After fifteen year, the music magazine will be publishing their last issue hitting news stands next month. Contributor Hyundai trying to be a sports car to Rolling Stones' Cadillac and while those comparisons are fair, Blender will be missed. Their infatuation with lists was a bit over the top, but, to be fair, lists are the bomb (especially year end ones).

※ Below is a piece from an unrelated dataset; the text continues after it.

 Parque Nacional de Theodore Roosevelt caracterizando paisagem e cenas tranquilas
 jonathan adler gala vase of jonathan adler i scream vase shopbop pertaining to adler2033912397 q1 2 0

Carl Wilson expressed his surprise commenting, "The shocking part is that I had figured Blender was the most commercially savvy one in the music-magazine market - they built their business on photos (especially of scantily clad pop starlets), best-ever/worst-ever/most-outrageous sorts of lists, titillation and trivia, backed up for credibility with a review section full of some of the best working music writers struggling (for a good paycheque) to squeeze wit and insight into tiny little capsule reviews. I hated its glibnesss, but it wasn't snobby - it was pro-pop, pro-hip-hop and pro-indie all at once - and it certainly seemed saleable; if even they can't survive, I'm not sure there really is a music magazine market. Curiously, a lot of the more niche-oriented publications - rap magazines and metal magazines in particular - seem to be doing well still, when I thought they'd probably be the most easily displaced by fan sites and blogs. Perhaps cliqueishness (and even snobbishness) is actually a safer marketing bet?"
Rest in peace Blender. You will be missed.